Non volevamo e non avremmo mai potuto fare un “Usa Day”. Per imprese del genere sono necessari mezzi ben diversi di quelli più che modesti de “L’opinione”. Volevamo fare un semplice “ Hyde park” aperto a tutti quelli che avevano il coraggio di uscire allo scoperto sfidando il conformismo asfissiante della stampa, della cultura e della stessa classe politica italiana. Contavamo sul solo megafono offerto da Radio Radicale, ben consapevoli che la censura operata dai grandi media sull’annuncio della manifestazione avrebbe impedito qualsiasi partecipazione popolare all’iniziativa.
 
Ebbene, “l’Hyde park” è riuscito ben oltre le previsioni. Ad uscire allo scoperto non sono stati solo gli amici più stretti de “L’opinione” ( tra l’altro alcuni dei promotori della iniziativa come Giulio Savelli e Davide Giacalone sono stati costretti a non partecipare per impedimenti personali). Sono stati soprattutto personaggi di particolare spessore e valore che hanno sfidato il timore di parlare al vuoto e la preoccupazione di suscitare reazioni ostili da parte dei pacifisti di fede violenta. L’elenco dei partecipanti alla no-stop pubblicato a pagina quattro dimostra in maniera addirittura lampante il pieno successo della “operazione Hyde park” . Al successo in parte insperato sul versante dei partecipanti si aggiunge poi quello del tutto imprevisto sul versante del pubblico presente e della risonanza mediatica della manifestazione.

Per accogliere chi voleva seguire la maratona iniziata alle 15 e terminata alle 23 avevamo fatto sistemare sotto la piccola tribuna degli oratori quattro file di sedie da cinque posti ciascuna. Contavamo di avere, oltre al pubblico di Radio Radicale, una piccolissima presenza di poco più di un centinaio di persone nell’arco delle otto ore della manifestazione. A seguire gli interventi abbiamo invece avuto più di millecinquecento persone, tutte giunte senza alcuna sollecitazione o invito diretto ma solo per libera convinzione. Chi è abituato a valutare il valore delle idee sui numeri di piazza Venezia o piazza San Giovanni può anche ridere ed irridere.

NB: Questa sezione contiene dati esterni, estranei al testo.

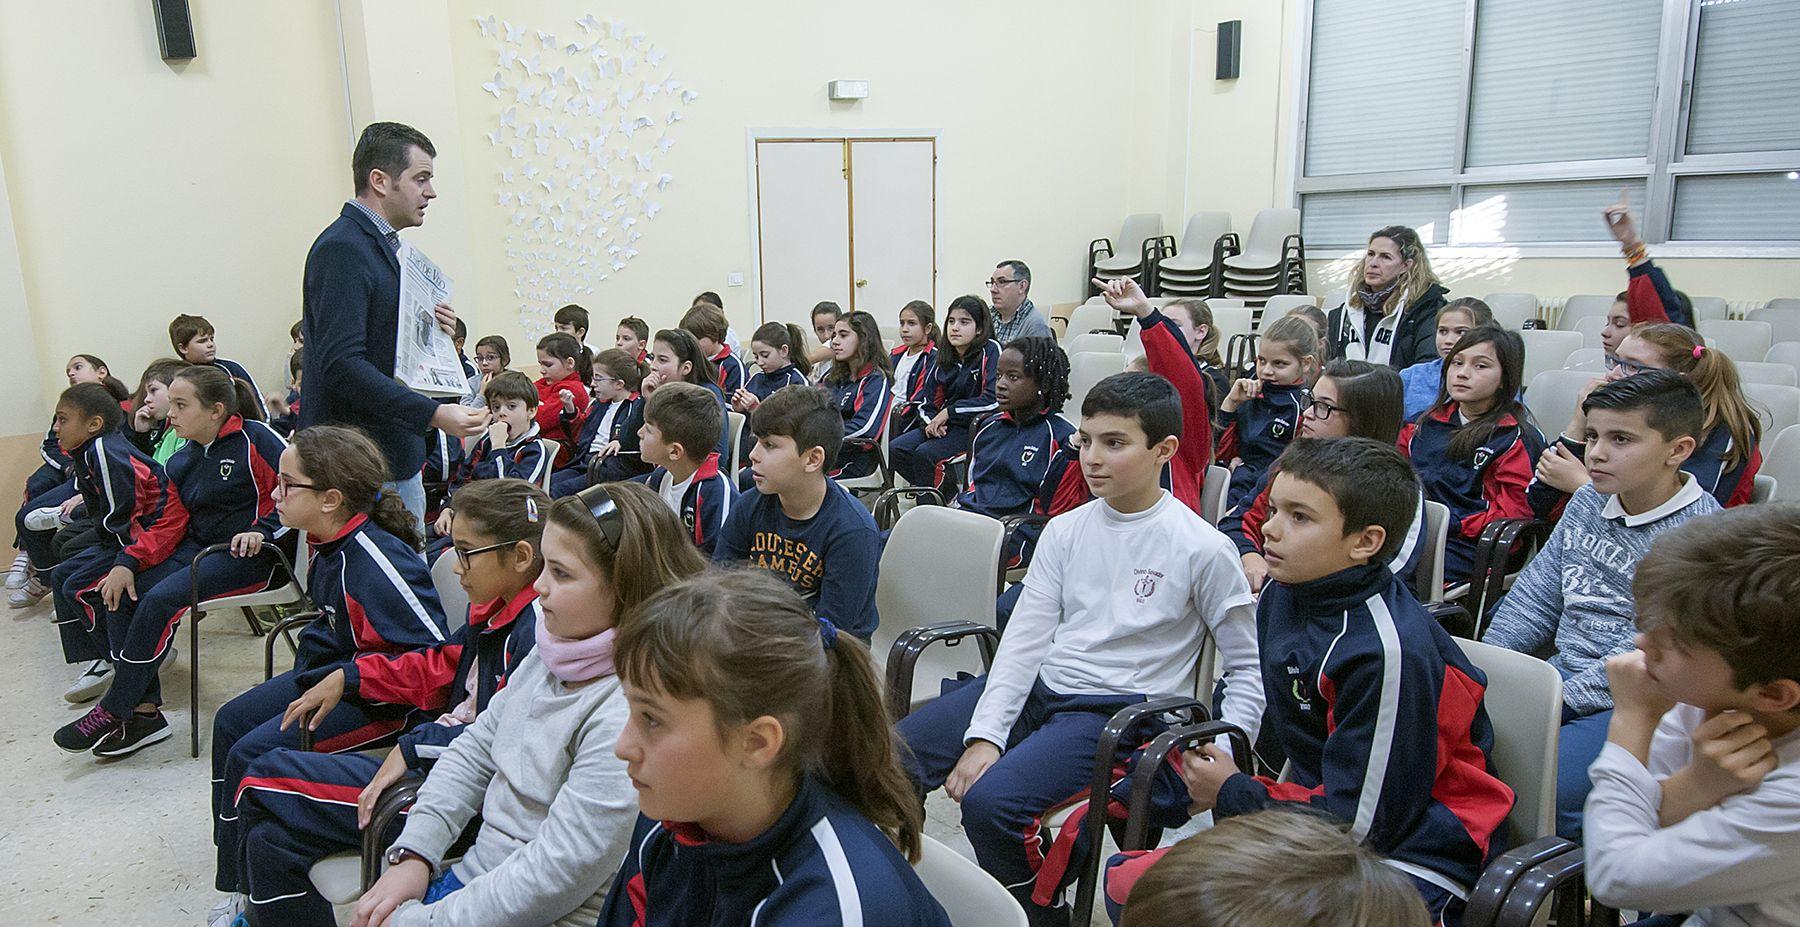 Visita a Faro de Vigo del CPR Plurilingüe Divino Salvador el curso 2015-16
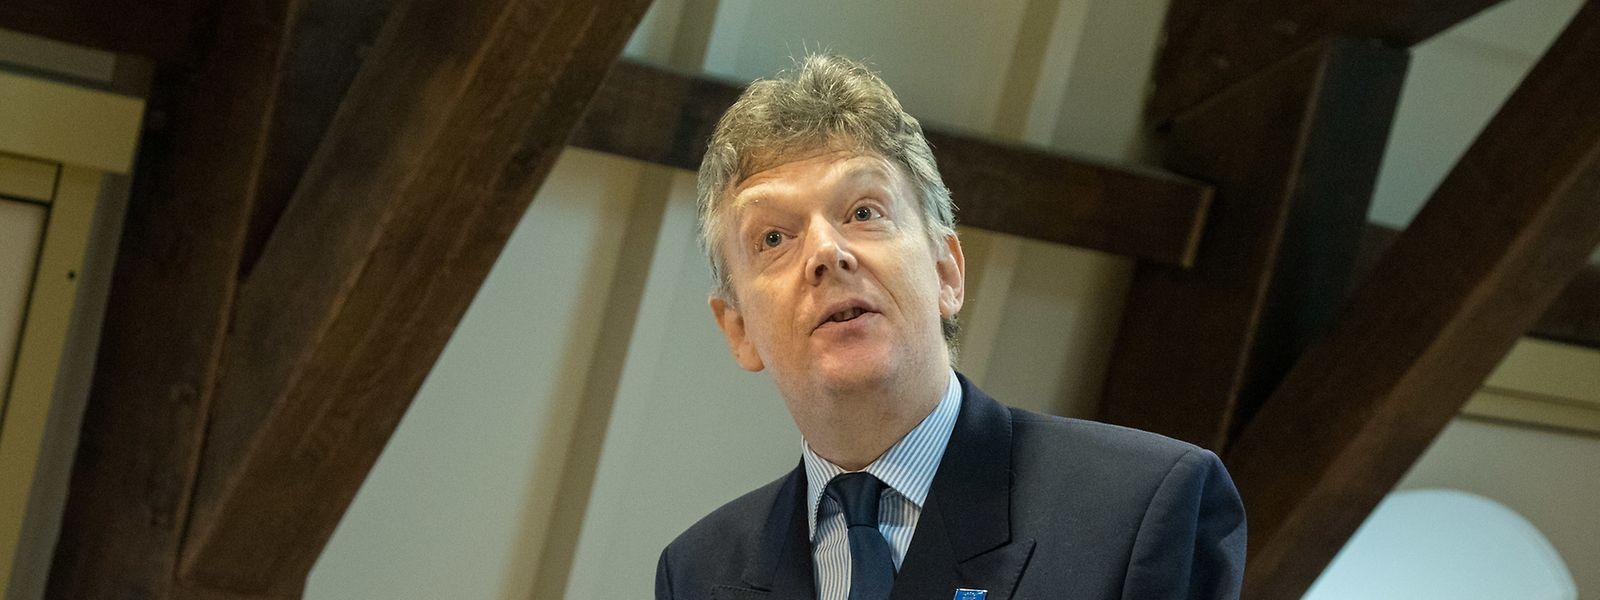 Zu Gast in Luxemburg: Vor 20 Jahren hat Graham Wright eine Beratungsgesellschaft für Finanzintegration – MicroSave – gegründet, die heute Projekte in mehr als 50 Entwicklungsländern betreut.

Ma per noi è stato motivo e di conforto scoprire che più di millecinquecento cittadini sono venuti ad ascoltarci senza cartoline precetto, cestino-viaggio, pulman organizzati e grancassa di grandi giornali e telegiornali pubblici e privati. 

Sono il segno che gli oratori della maratona non parlavano a voce di una minoranza ristretta e disperata ma in rappresentanza di una larga maggioranza dell’opinione pubblica del paese che aspetta solo di essere informata e sollecitata per uscire allo scoperto e far valere la propria forza. Al successo inaspettato riguardo alla pubblico dei partecipanti si è aggiunto quello , addirittura incredibile, conseguito sul versante mediatico. Il “temperino” de “L’opinione” è riuscito a bucare ed affondare l’immensa corazzata del conformismo falsopacifista imperante sulla stampa italiana. Il merito è stato della validità dell’iniziativa, della testardaggine dei pochi che l’hanno portata avanti, del coraggio di chi l’ha sostenuta (Marco Pannella e Radio Radicale) e, soprattutto, della decisione di Giuliano Ferrara di aiutare la no-stop ad uscire dal cono d’ombra in cui era stata relegata. 

Senza l’aiuto del direttore de “Il Foglio” la maratona non avrebbe valicato i confini ristretti del pubblico radiofonico e raggiunto il terreno più ampio del pubblico televisivo. Grazie anche a Giovanni Floris ed a “Ballarò”, quindi, siamo riusciti a raggiungere un traguardo che non avremmo mai potuto prevedere. Quello far sapere a qualche milione di italiani che esistono idee ed opinioni diverse rispetto a quelle dell’antiamericanismo e del terzomondismo che si nascondono sotto la bandiera del pacifismo. Le idee chi di tra libertà ed oppressione e tra democrazia e dittatura non nutre dubbi di sorta. E sceglie sempre e comunque di stare dalla parte dei valori fondanti della società occidentale.